**Data provided**
================================

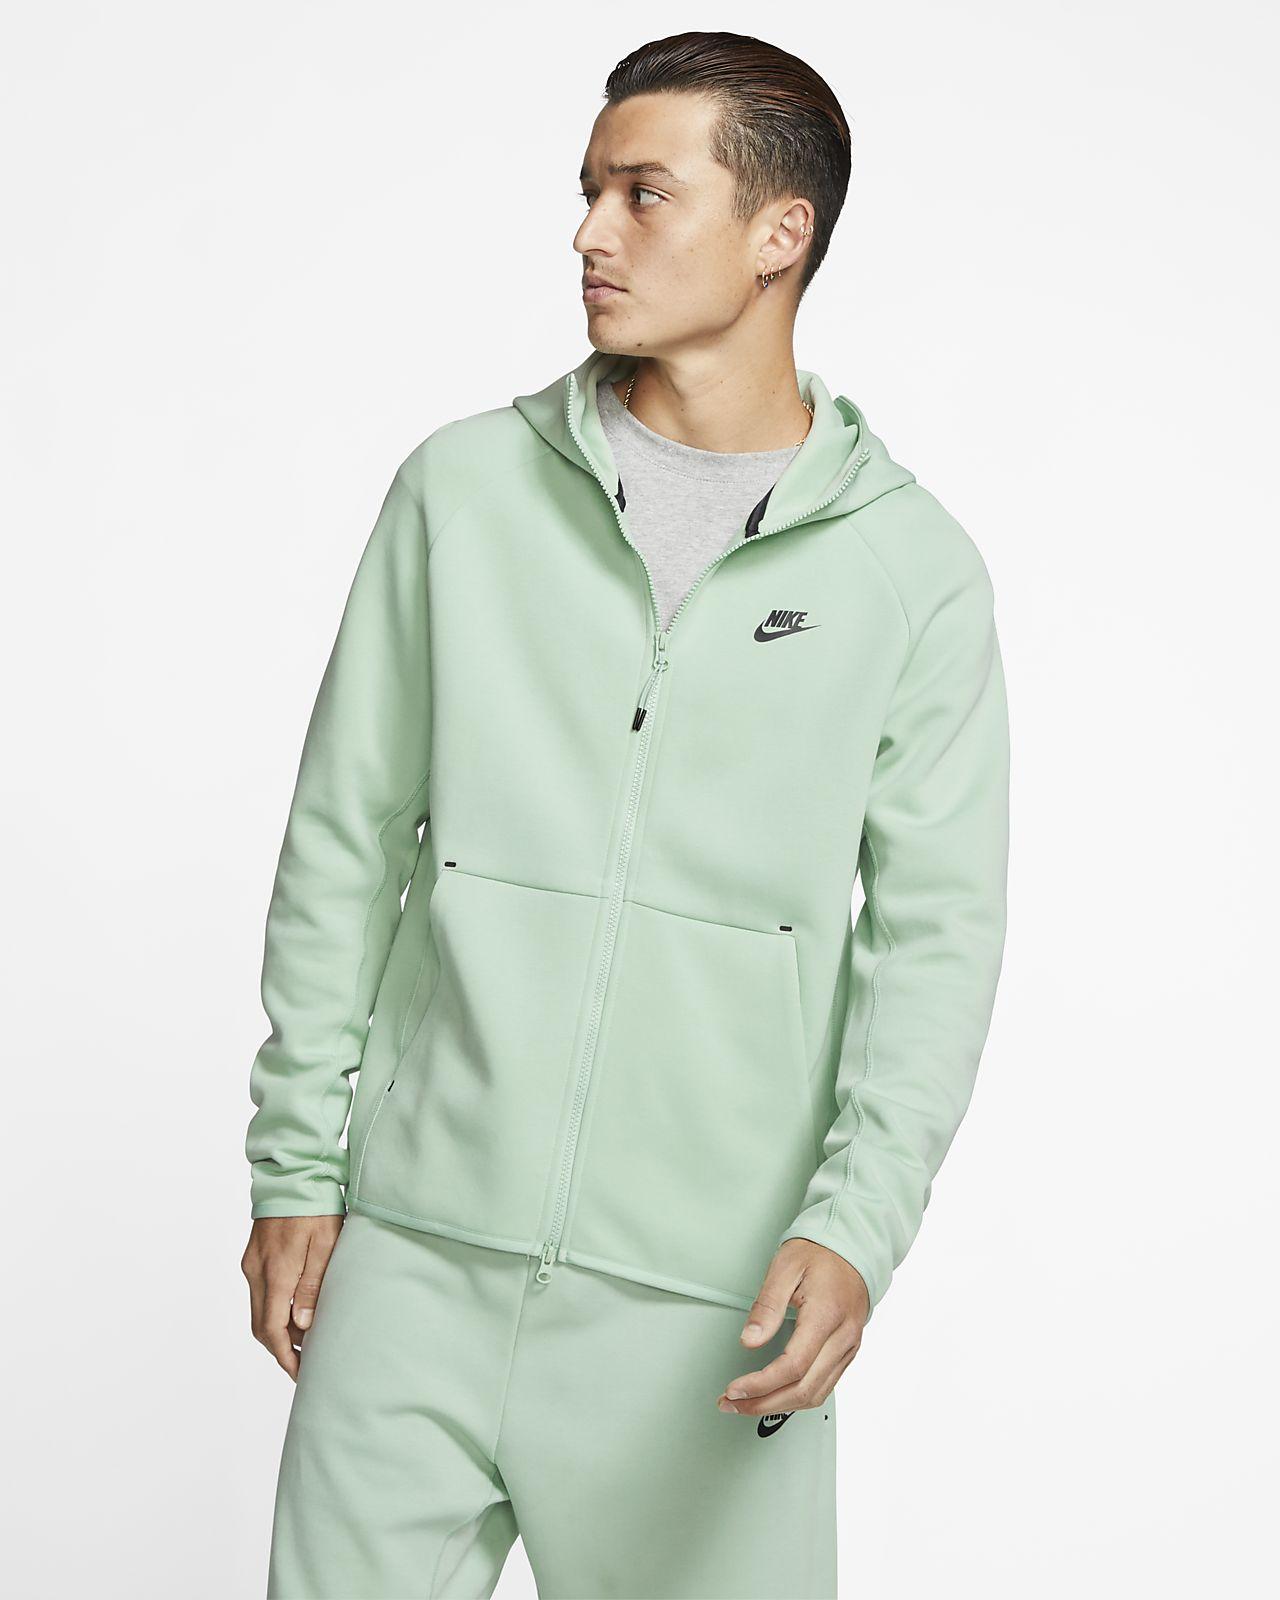 Nike Tech Fleece giacca con cappuccio fitness uomo zip
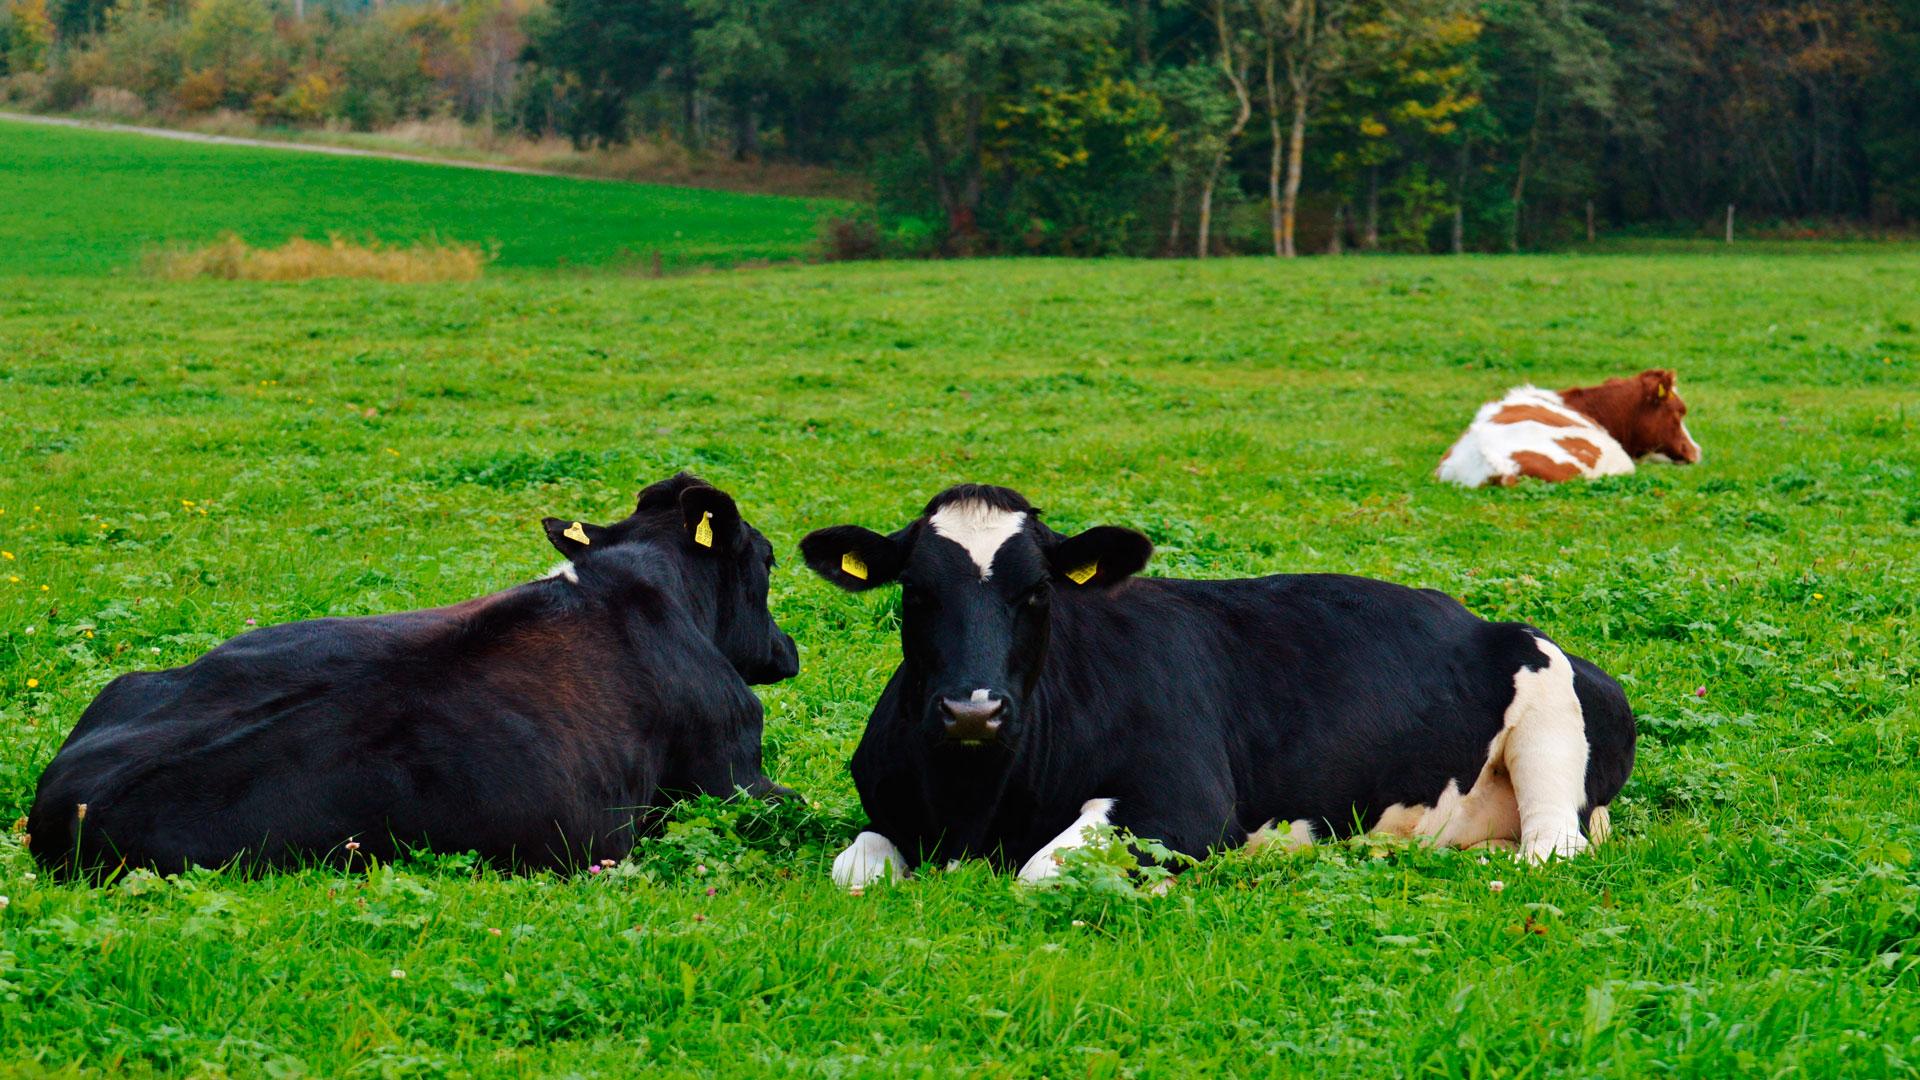 PROHÍBIDO-El-uso-de-antibióticos-en-los-animales-de-granja-1920
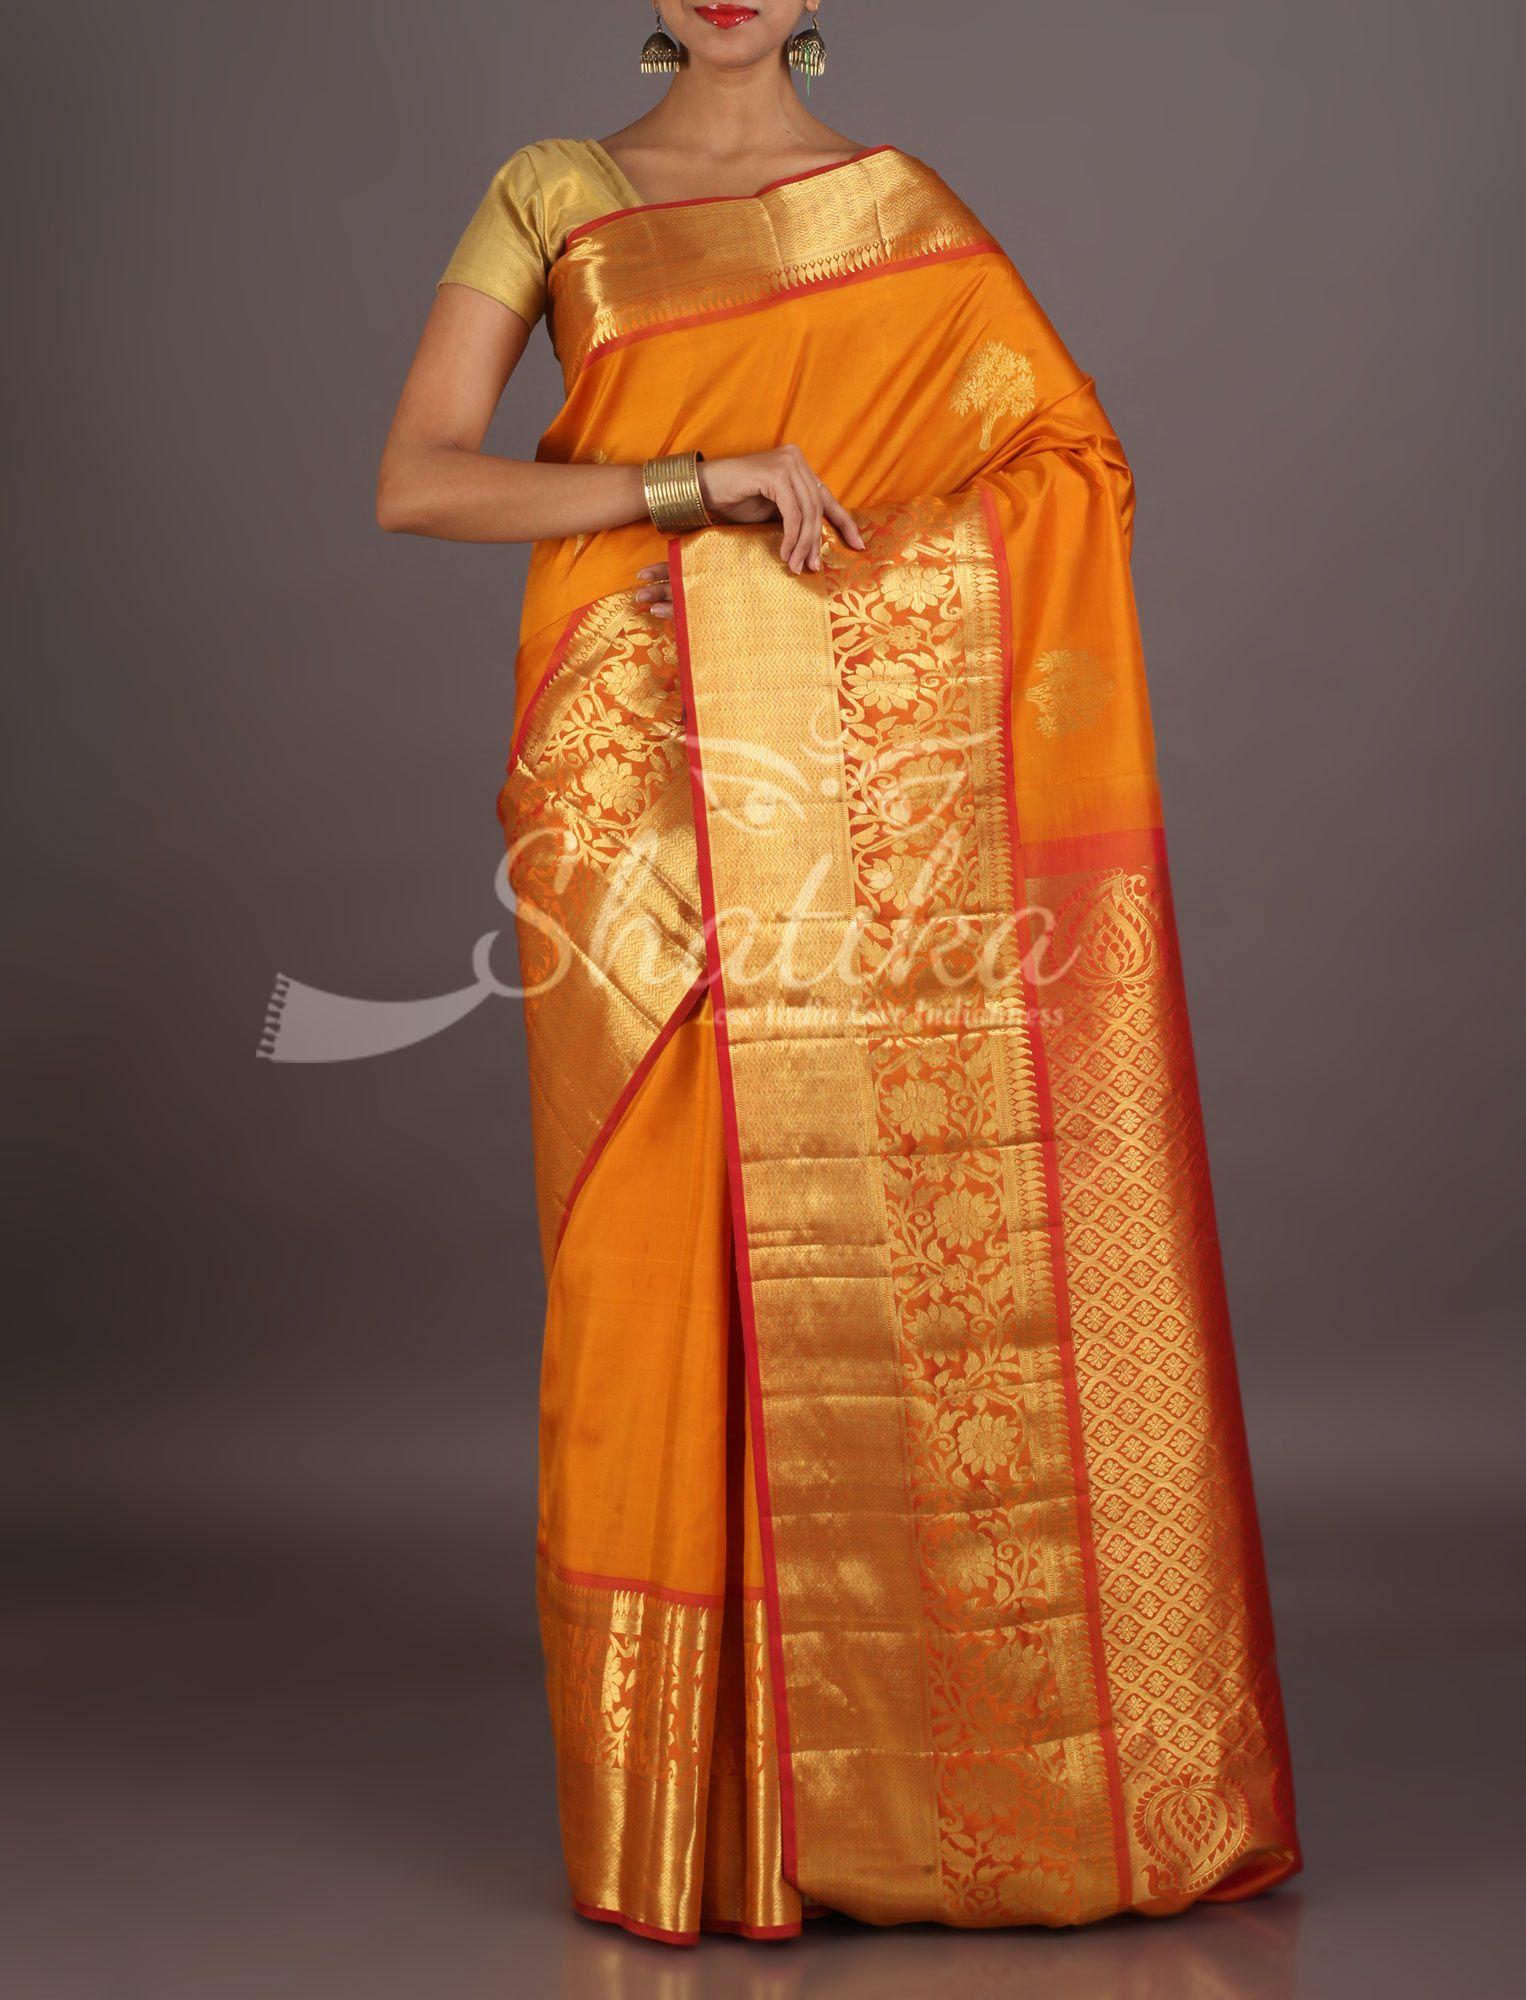 747491f21c61e Madhavi Gold Spot Orange Dazzling Broad Gold Border Pallu Gadwal Silk Saree

================================

Pictures are to be left out. Otherwise, copy the material above exactly.

**Result**
 Nike Tech Fleece giacca con cappuccio fitness uomo zip
 PROHÍBIDO-El-uso-de-antibióticos-en-los-animales-de-granja-1920
 747491f21c61e Madhavi Gold Spot Orange Dazzling Broad Gold Border Pallu Gadwal Silk Saree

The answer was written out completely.